Krol and colleagues found that 35 percent of patients “had at least one chronic disease diagnosis —such as hypertension, asthma or diabetes. Even more striking was that the older the patient, the more likely they were to have one or more chronic illnesses, and the care they sought was directly related to that chronic illness.”

“It wasn't necessarily a mistake to be prepared for trauma,” said Krol, who served as director of medical affairs and clinical evaluation for The Children's Health Fund. Still, “one has to remember that there was an epidemiology of disease prior to the storm. That doesn't get replaced by trauma.”

For the people left behind after Katrina — many of whom were poor — the obstacles to receiving health care became greater.

“You have a lot of low-income people who don't have insurance,” said Sarah Bass, assistant professor of public health at Temple University. “Needy populations often use emergency rooms for primary care.”

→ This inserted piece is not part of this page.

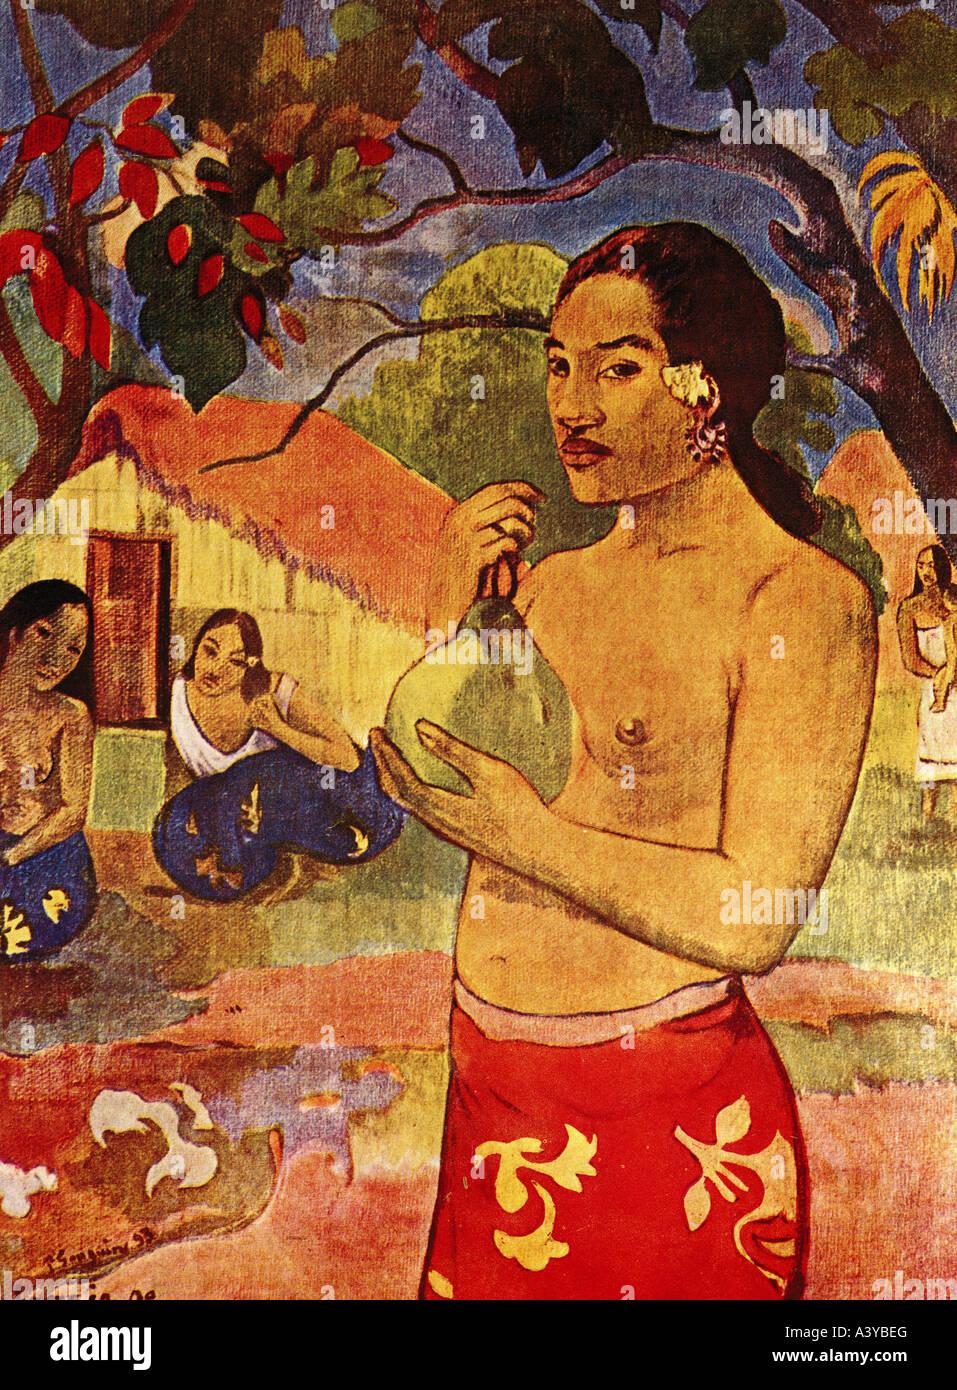 """""""Belle Arti, Gauguin, Paolo, (1848 - 1903), pittura, 'Tahiti donna con frutti"""", 1893, olio su tela, museo Puschkin, Foto Stock"""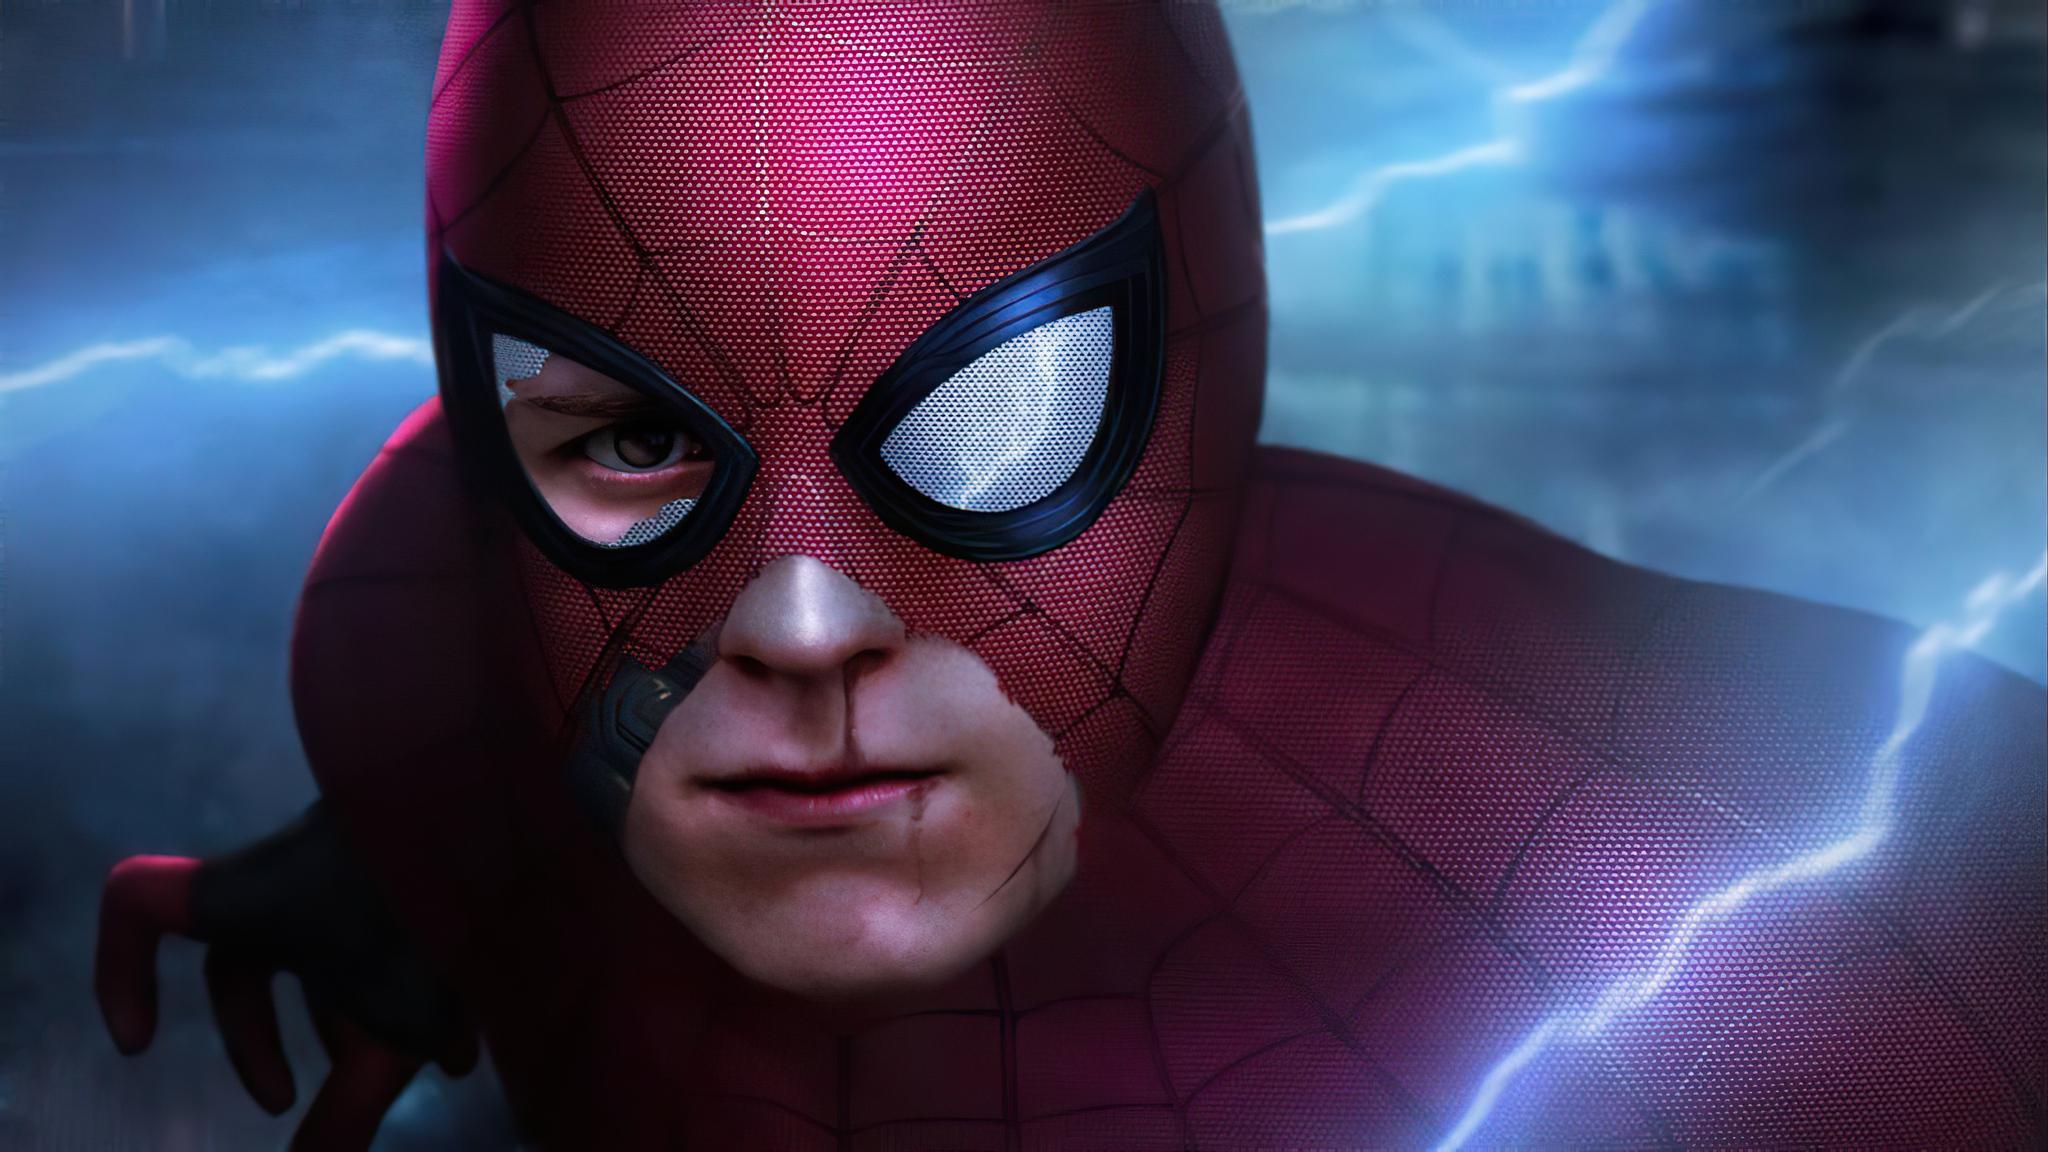 2048x1152 Spider Man Tom Holland 4k 2048x1152 Resolution ...

After a disaster like Katrina, some hospitals and health clinics are unable to function and low-income residents “don't even have access to the primary care that they fell back on,” Bass added.

While Krol does not recall any deaths in the patients seen by the mobile units, “we would find people with blood pressure out of control,” he said. “It shows how important medications are and how important access to care is.”

The researchers say that in disaster preparation, the chronic medical needs that already exist within a community should receive more attention. They conclude, “Although mobile medical units were successful in providing stopgap measures, it is clear that systemic preparedness will better serve the population as a whole.”

Krol DM, et al. A mobile medical care approach targeting underserved populations in post-hurricane Katrina Mississippi. Journal of Health Care for the Poor and Underserved 18(2), 2007.